• _DATASET EXCERPT_:
>>>
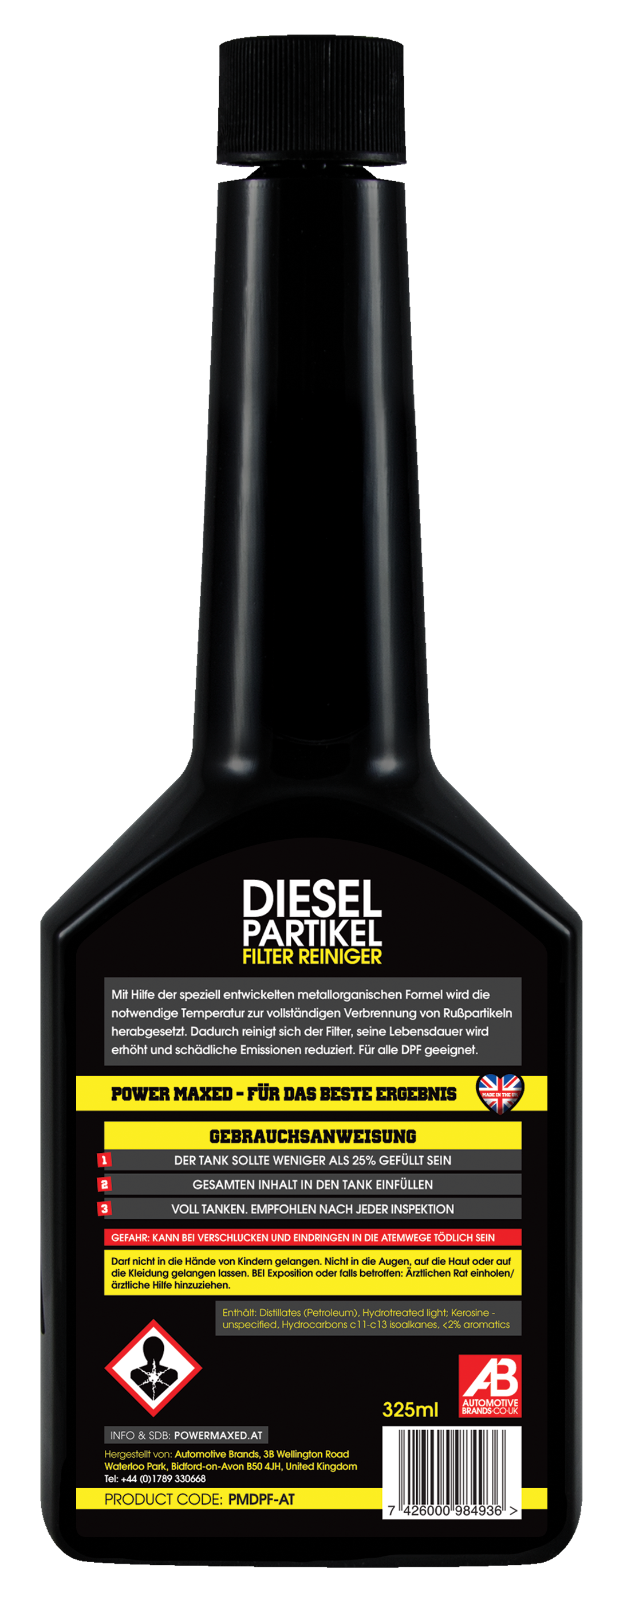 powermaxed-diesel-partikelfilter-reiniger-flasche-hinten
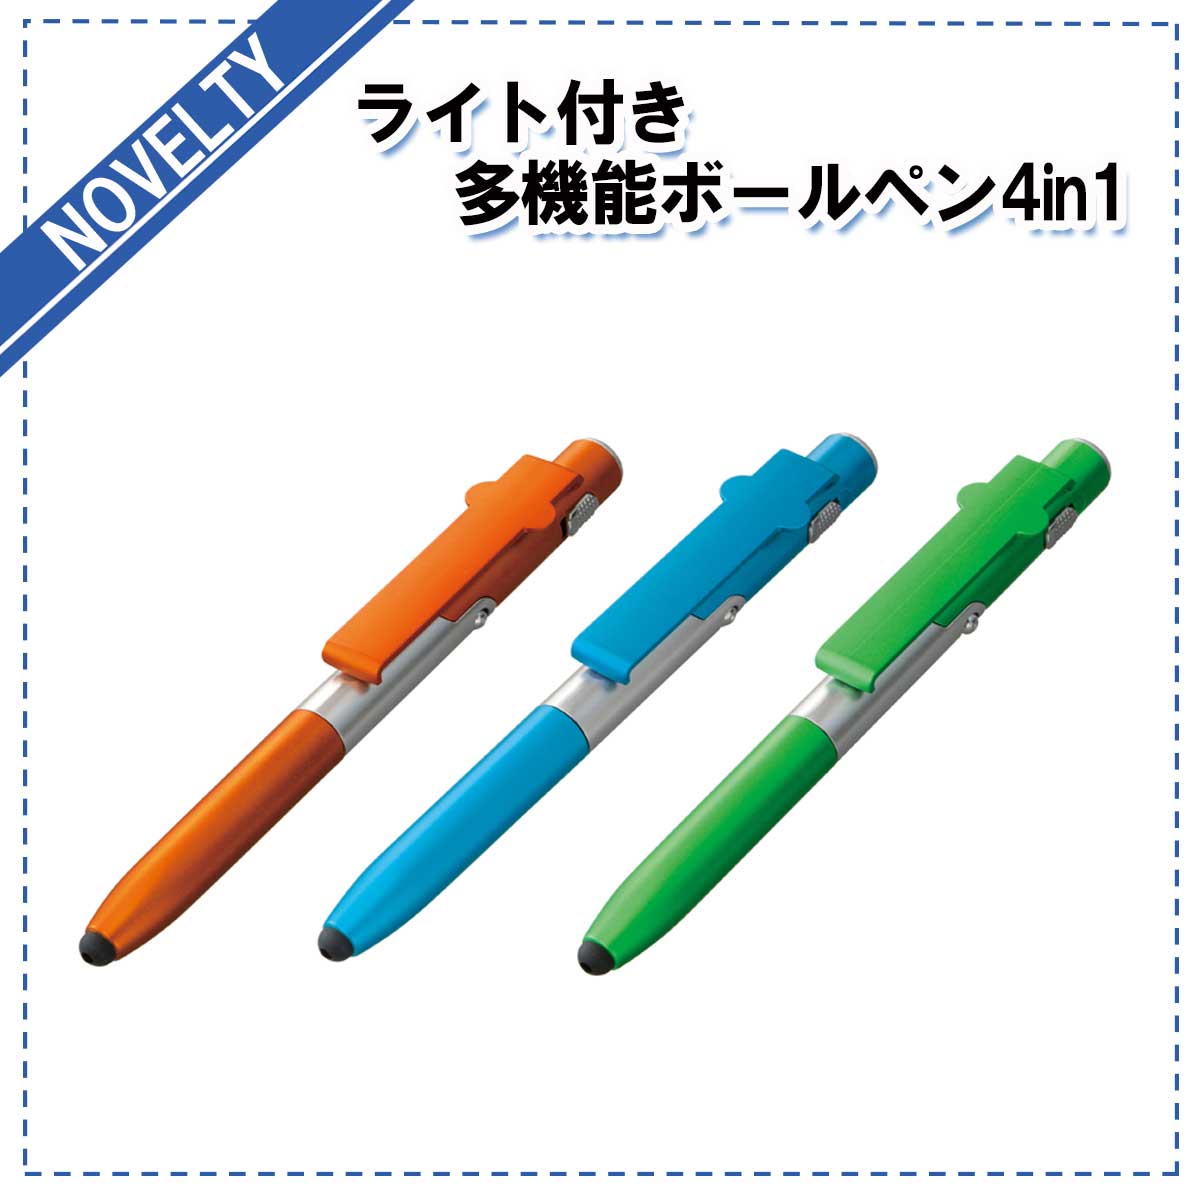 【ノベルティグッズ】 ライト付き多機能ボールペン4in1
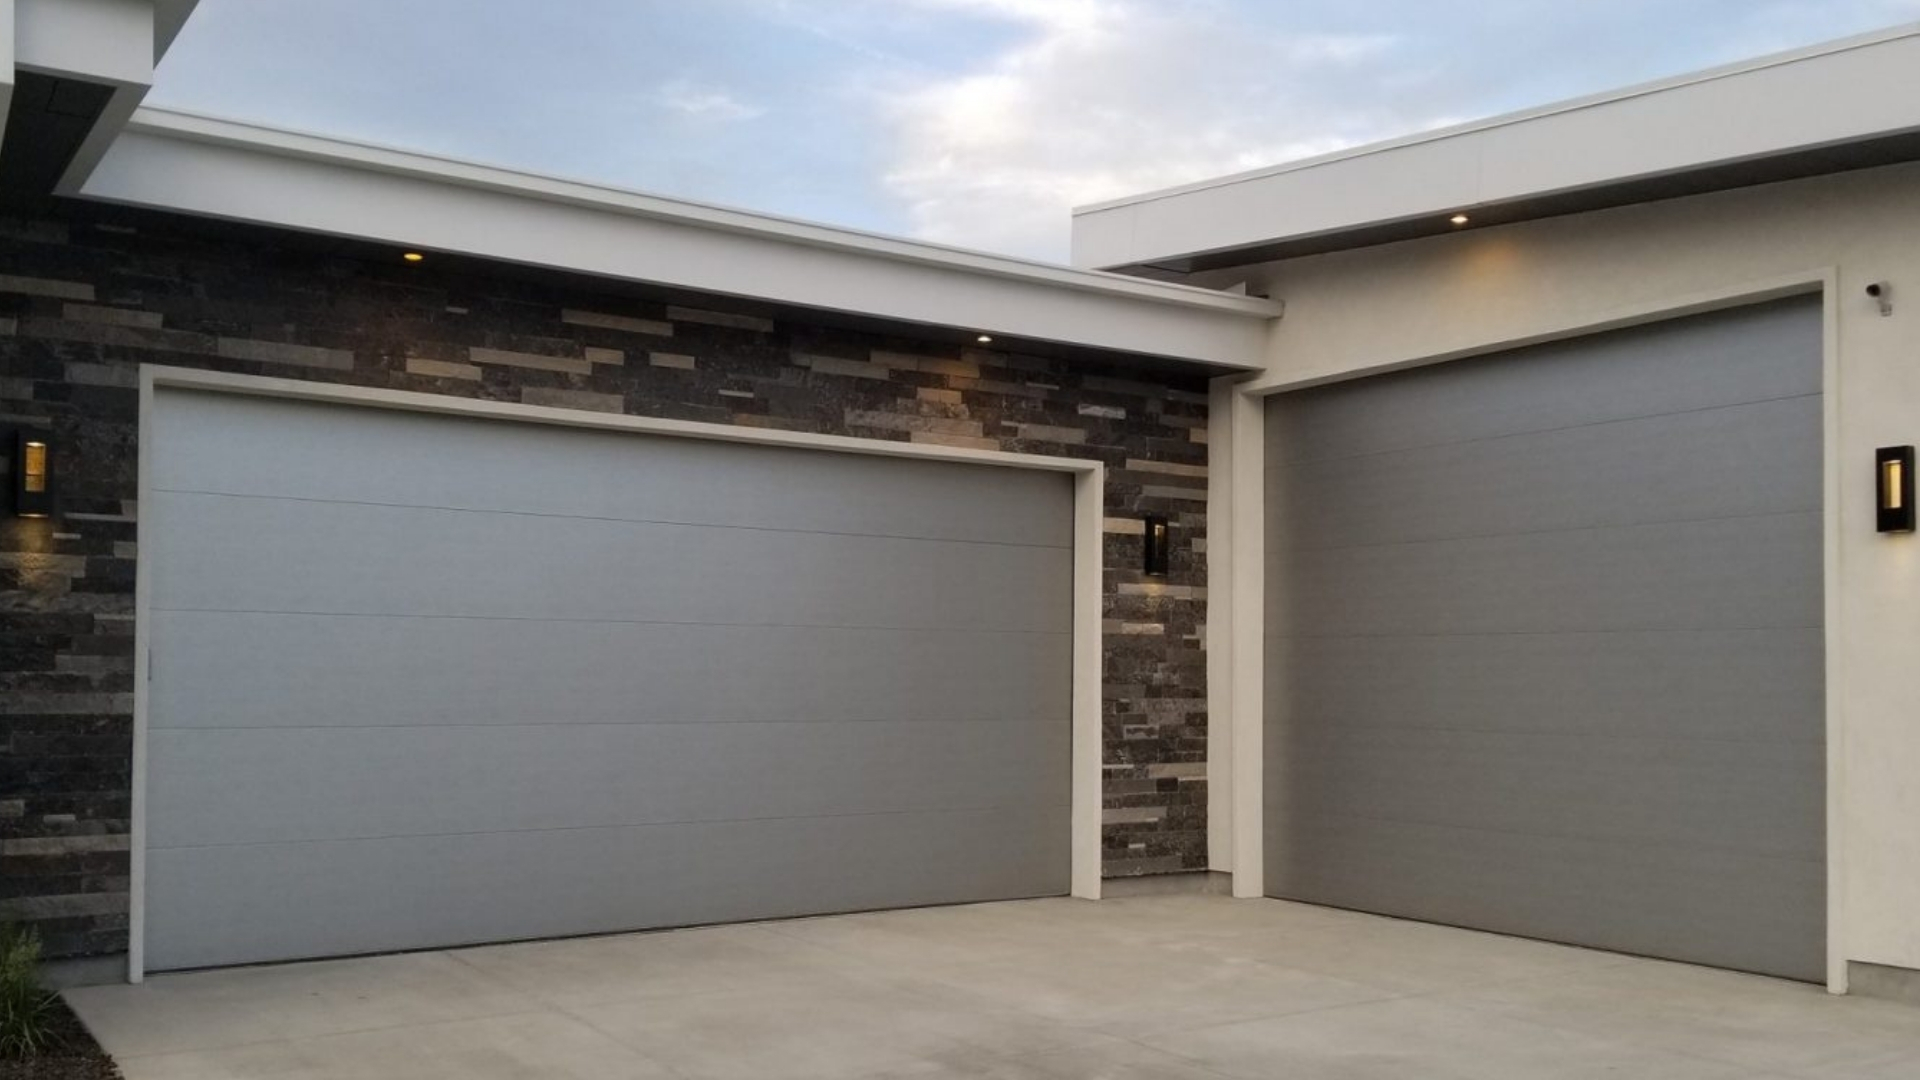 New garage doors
<<<
• _TRY IT_: When you output the listing, reproduce it exactly but drop its pictures.

• _WRITTEN RESPONSE_:
 powermaxed-diesel-partikelfilter-reiniger-flasche-hinten
 【ノベルティグッズ】 ライト付き多機能ボールペン4in1
 New garage doors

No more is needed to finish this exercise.